R: Aquela que você quiser e sentir-se mais apto a fazer. Durante o Trabalho de Parto você pode fazer massagem nas costas dela, para aliviar a dor; segurá-la no expulsivo e cortar o cordão quando o neném nascer.
Como meu marido já tinha lido os dois livros mencionados, sabia que não era preciso fazer raspagem, episiotomia, lavagem. Nosso filho não seria aspirado ou revirado. A chave para tudo foi conversar longamente, fazendo suposições sobre o dia do Parto e mais uma vez dando funções para ele. No meu caso pedi para que ele me lembrasse que eu não queria anestesia e se viesse a pedir que ele deveria me dizer que o bebê já estava nascendo e não seria preciso. Outra coisa foi escolher a música para a hora do parto e pedir para que ele lembrasse de colocá-la.
Depois de abater o fantasma do medo do estrago da área de lazer (que ele descobriu que não ficaria abalada com um parto normal) surgiu a luta sobre a amamentação. Mais uma vez artigos científicos ajudaram-no a convencer da imporrtância do leite materno para o sistema imunlógiso e psicológico do nosso filho, a inutilidade danosa dos complementos, chupetas e mamadeiras e os benefícios da amamentação prolongada.
E no momento do meu parto, nasceu um papífero, que não perde a oportunidade de disseminar suas descobertas maravilhosas com quem está por perto. Das dúvidas dele, a primeira realmente teve fundamento. Com um parto tão rápido, quase não houve tempo das enfermeiras chegarem. Rompeu minha bolsa, ele ligou para as parteiras e em seguida entrei na fase do expulsivo. Ele subiu desesperado e eu o expulsei de lá. É algo que não prevíamos que aconteceria. A enfermeira chegou, Miguel estava coroado. Meu marido pegou o plástico que tinha comprado dias antes, lembrou de ligar a música. Quis me dar a mão ou me segurar. Mas eu não quis. Ele ficou atrás de mim esperando o Miguel nascer, que logo veio para meu peito mamar.

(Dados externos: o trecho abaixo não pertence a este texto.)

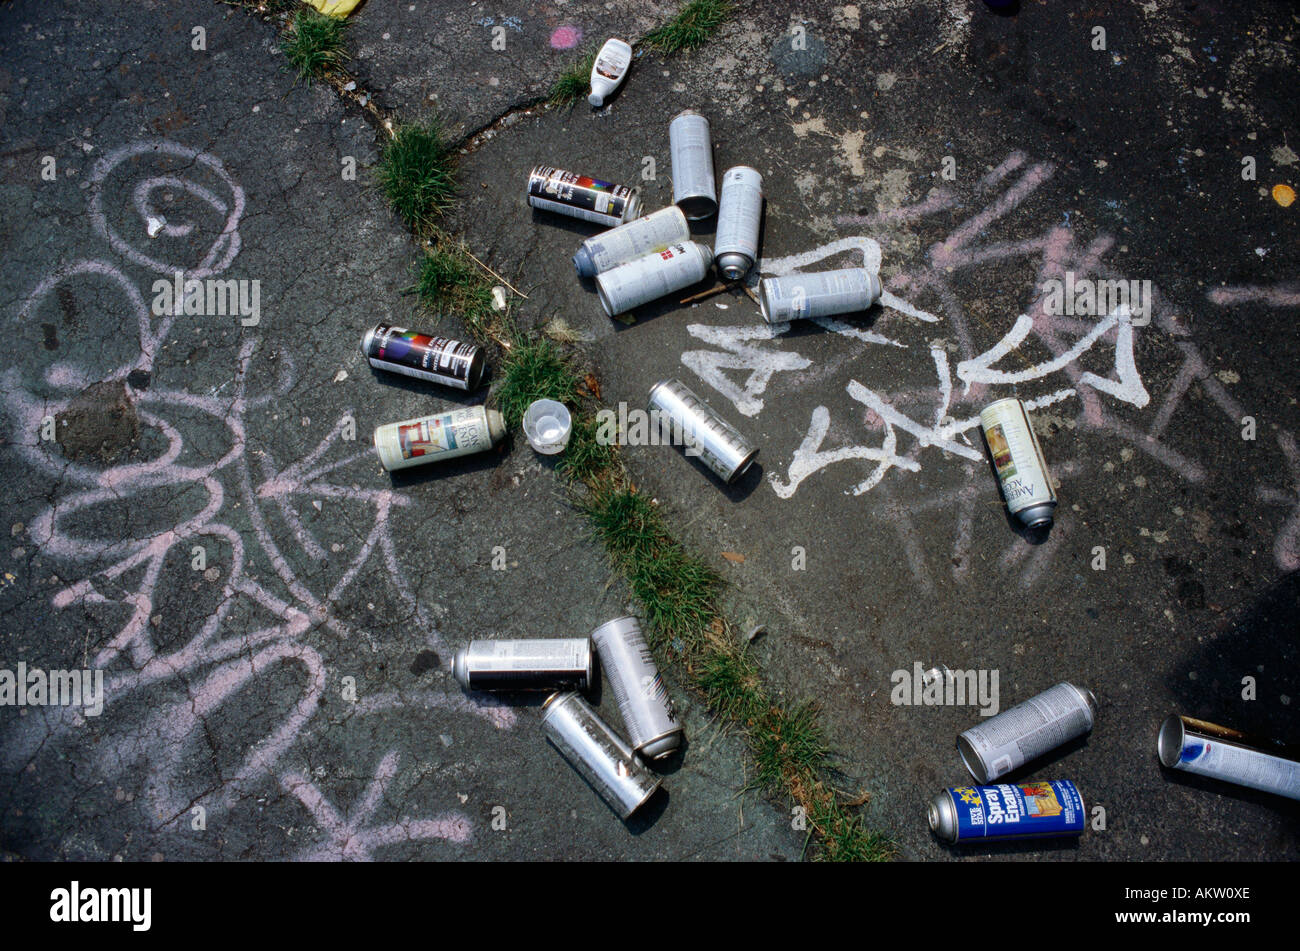 Manhattan New York USA verworfen Aerosoldosen aus Aluminium am Boden Stockfoto

Ele cortou o cordão.
Assim como temos nossas listas de apoio, meu marido faz parte da lista paterno_sp que é uma remificação da materna_sp. Lá eles trocam experiências e informações sobre a paternidade ativa.
Quando Miguel completou 500 dias ele escreveu um lindo texto, que como forma de homenagem e agradecimento a este pai maravilhoso, relato aqui um trecho para encerrar meu longo post.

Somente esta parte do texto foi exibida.